Those who want to say "*Never.*" fall into the "I told you so" camp. One way or another, someone's going to be saying it I think.








>8^)
ER


----------



## VR6 NRG (Apr 23, 1999)

*Re: Don't hold your breath... (Peloton25)*

I will 100% put a deposit down on one of these as soon as i can.
I am looking for a commuter car to add so i don't have to dive my A3 every day. I also want something to autocross and to really have fun on these twisty canyon roads we have here in Arizona.
If VW could make this into a production model by next spring for America, they will once again earn my business for the 3rd time.
PLEASE PLEASE PLEASE bring the GX3 into production VW


----------



## MisterDangerPants (Feb 25, 2004)

*Re: Don't hold your breath... (KESBVW)*


_Quote, originally posted by *KESBVW* »_You sound exactly like the guy who sold Santa Barbara Volkswagen to me in 1995. They had just showed the 'Concept' New Beetle at the show in 1994. I said they'd have to build it, and he had your exact comments. He sold the Franchise, and I reaped the benefit.
What are you basing your comments on? Do you know someone at VW with some decidion making power who is telling you it won't be built, or are you guessing?
I think you are as wrong as the guy who sold SBVW to me in '95 just before VW's last great 'Concept' was brought to reality.
Good luck on that glass half empty thing you got goin'








Kevin Eckhart
Santa Barbara Volkswagen


I will be brief:
First off, the New Beetle was completely different. Apples and oranges, so to speak, comparing it to the GX3. Volkswagen already had a format (Golf/Jetta) to build the New Beetle, just to name one very significant point.
So, I seriously doubt senior management at Volkswagen AG is going to build an entirely new production facility for a product that is going to have, and I’m assuming they already know this, minuscule demand. It doesn’t take a Harvard MBA to figure that out. Simple economics also dictates that the GX3 will never become a reality.
Mark my words: Bookmark this page and come back in 5 years and this concept will be just a memory along with the thousands of concepts the automotive industry produces each and every year.
Finally, I’m not a pessimist as you declare, just a realist.
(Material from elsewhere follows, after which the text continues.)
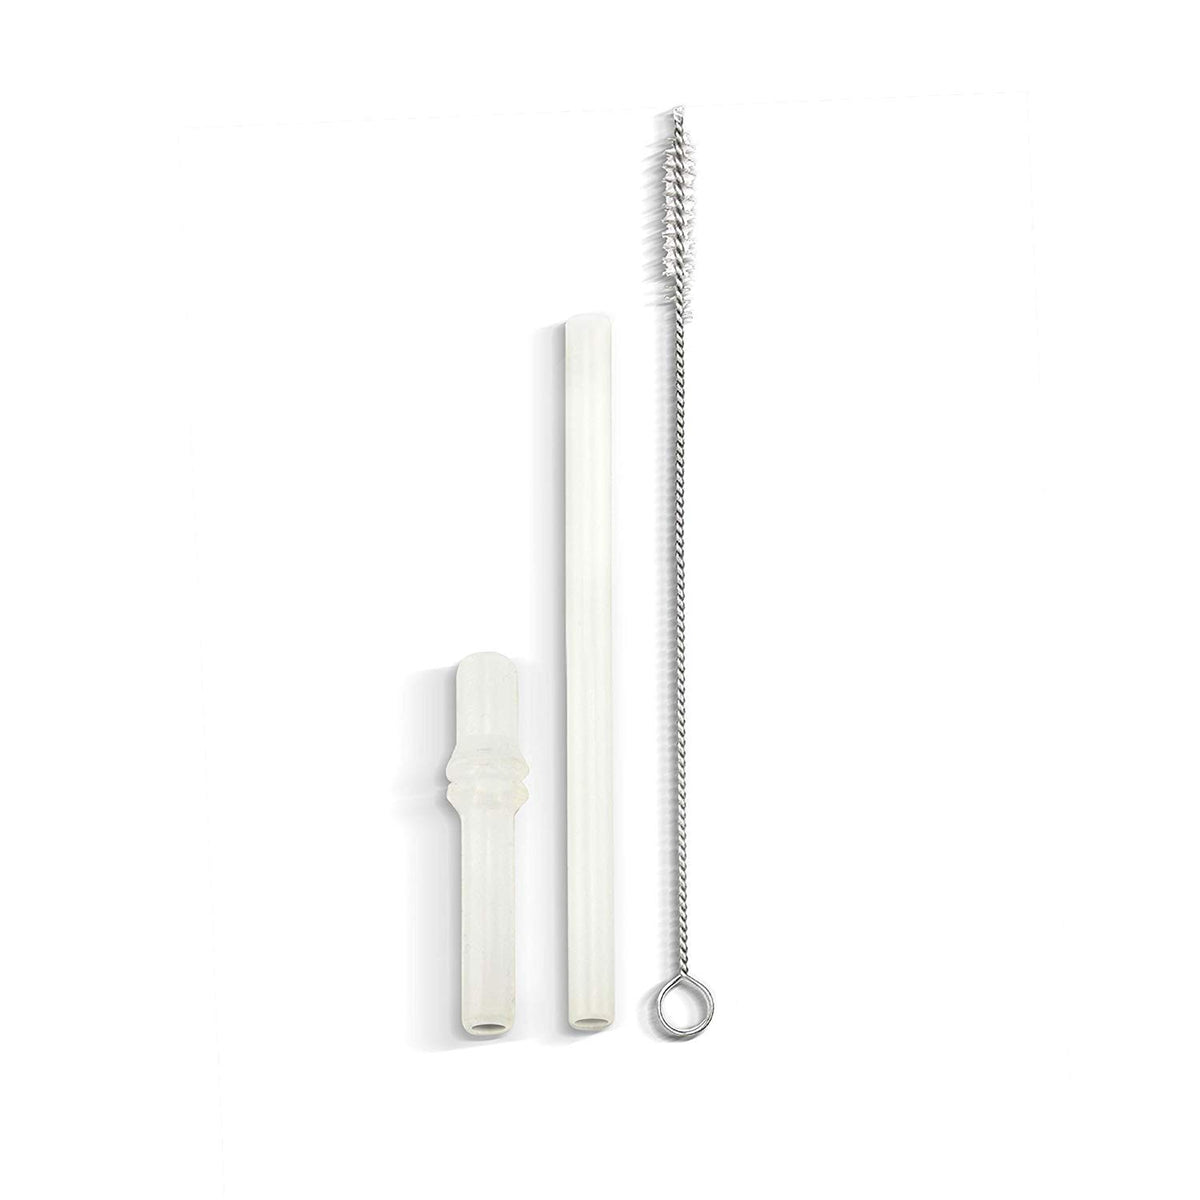 4 NEW Rubbermaid Littlerless Juice Box Replacement Straws for #3115 #3117  #1B42

And yes, I’m speculating this will never, ever get off the ground.


----------



## MisterDangerPants (Feb 25, 2004)

*Re: Don't hold your breath... (Peloton25)*


_Quote, originally posted by *Peloton25* »_What I think a lot of the naysayers are missing is that there really isn't a lot that stands in the way of producing the GX3. There's no crash tests, no airbag development, no stringent EPA requirements, etc.

Huh? Where the h-e-double-hockey-sticks are you getting your information? I think the folks at the Department of Transporation might differ with your statement.


----------



## F1Bob23 (Feb 1, 2006)

*Re: Don't hold your breath... (MisterDangerPants)*


_Quote, originally posted by *MisterDangerPants* »_
I will be brief:
First off, the New Beetle was completely different. Apples and oranges, so to speak, comparing it to the GX3. Volkswagen already had a format (Golf/Jetta) to build the New Beetle, just to name one very significant point.
So, I seriously doubt senior management at Volkswagen AG is going to build an entirely new production facility for a product that is going to have, and I’m assuming they already know this, minuscule demand. It doesn’t take a Harvard MBA to figure that out. Simple economics also dictates that the GX3 will never become a reality.
Mark my words: Bookmark this page and come back in 5 years and this concept will be just a memory along with the thousands of concepts the automotive industry produces each and every year.
Finally, I’m not a pessimist as you declare, just a realist. And yes, I’m speculating this will never, ever get off the ground.
 

If you didn't see the title of this post; this a APPRECIATION thread for the GX3. If you do not have anything appreciative to say then just don't post, its really that simple.


----------



## KESBVW (Jan 11, 2006)

*Re: Don't hold your breath... (bobpearson90278)*

Well, I'd have to say that you're making several assumptions.....like that they would build a facility to produce it. Look back a few posts my friend - someone already has "seen the light'" on that one.
You can't put a pencil to every project. This is a 'halo' vehicle meant to bring people into showrooms, to cause them to ask the question "what the heck is that" as it drives down the street. It's meant to get people thinking VW.
They don't need to sell volume on a vehicle like this. It doesn't cost much to set up an existing facility that already produces similar 4 wheeled vehicles and the components aren't all that unique.
You don't need an MBA, you only need to understand the business, and I've been in it ALL my life. That's why I asked if you knew anyone in VW land who had decision making power on this product.
I do.

Best Regards,
Kevin Eckhart
Santa Barbara Volkswagen


----------



## F1Bob23 (Feb 1, 2006)

*Re: Don't hold your breath... (KESBVW)*

keep it up Kevin!







http://****************.com/smile/emthup.gif 
With a dealer's support I'm sure it will be in showrooms soon.


----------



## Peloton25 (Apr 1, 2001)

*Re: Don't hold your breath... (MisterDangerPants)*


_Quote, originally posted by *MisterDangerPants* »_Huh? Where the h-e-double-hockey-sticks are you getting your information? I think the folks at the Department of Transporation might differ with your statement.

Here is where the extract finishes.